▶ _Exercise goal_:
Print the lines in the listing below that fall between the line with "Burberry Black Cotton" and the line with "BOHORIA Dekotablett BOHORIA", those two lines included, exactly as they stand and with nothing else.
Input data Block Start
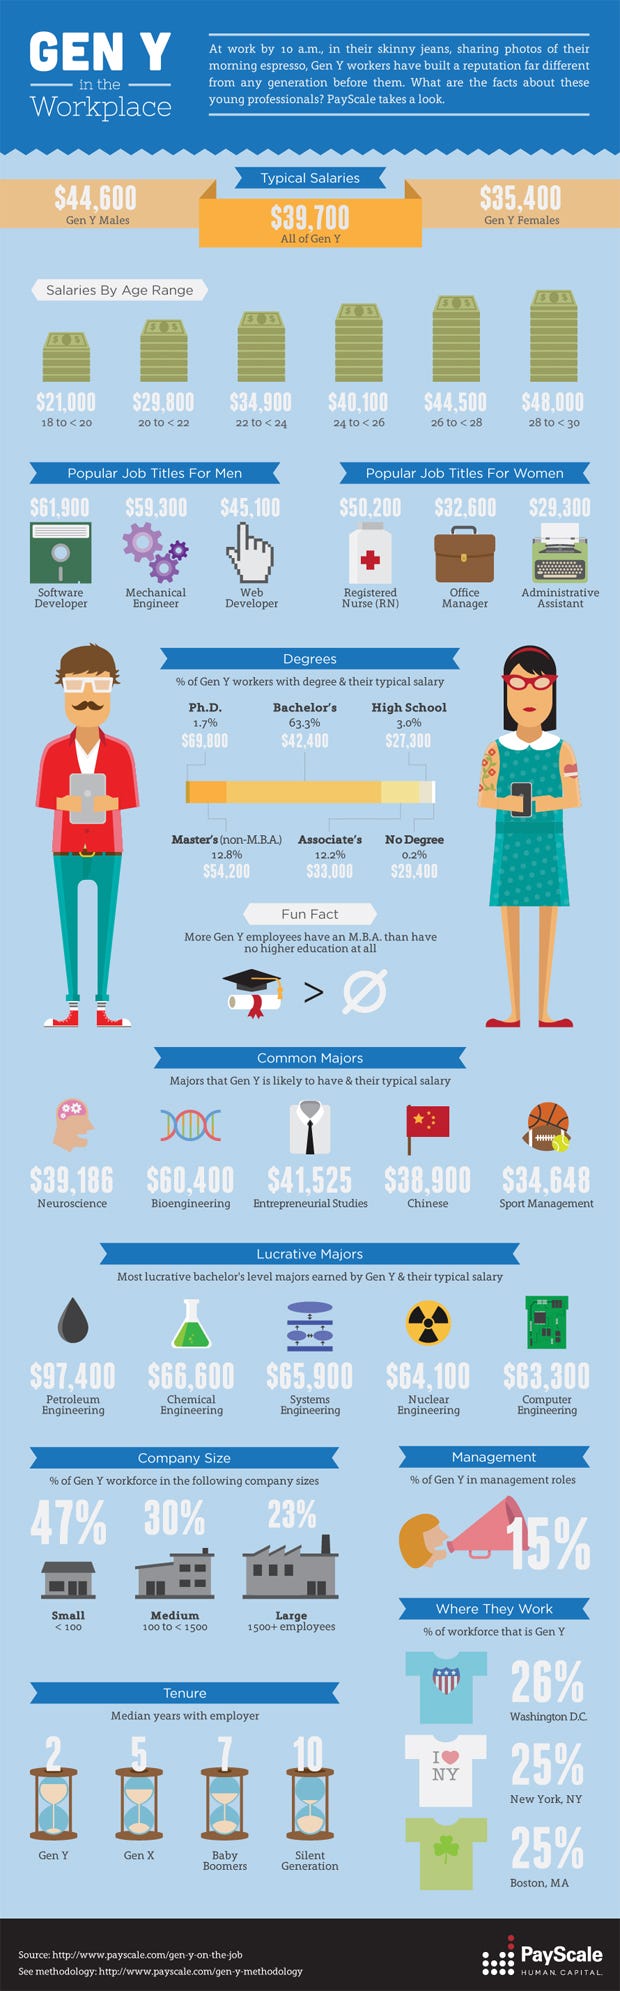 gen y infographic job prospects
Input data Block End
Input data Block Start
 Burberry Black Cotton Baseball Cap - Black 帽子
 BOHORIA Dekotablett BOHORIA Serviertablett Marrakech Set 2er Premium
Input data Block End
Input data Block Start
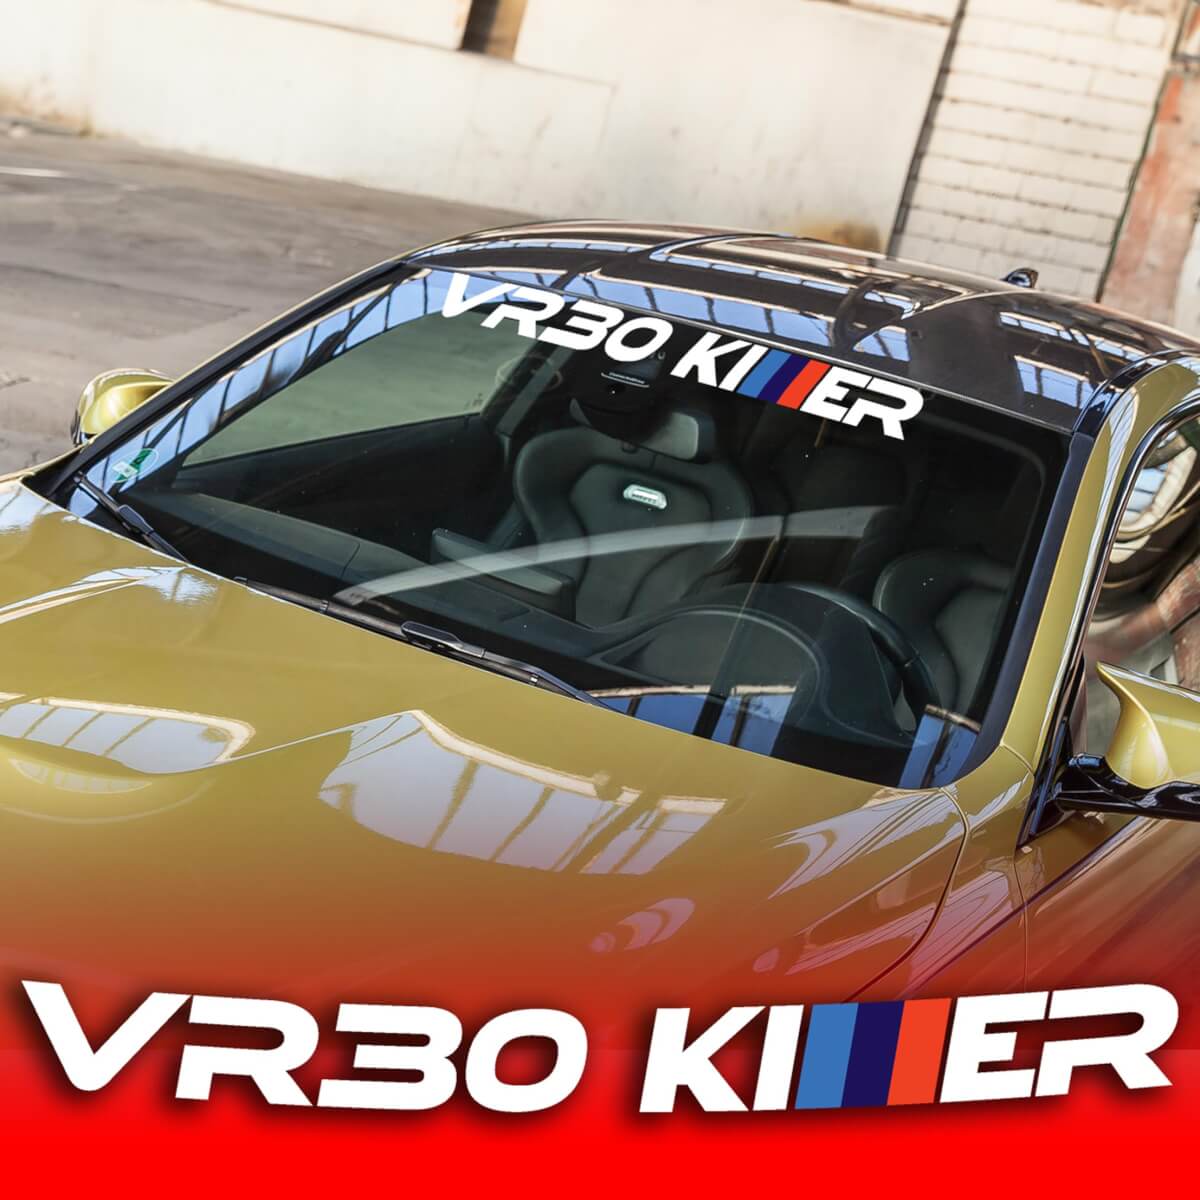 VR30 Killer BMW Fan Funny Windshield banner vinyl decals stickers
Input data Block End
▶ _Exercise answer_:
 Burberry Black Cotton Baseball Cap - Black 帽子
 BOHORIA Dekotablett BOHORIA Serviertablett Marrakech Set 2er Premium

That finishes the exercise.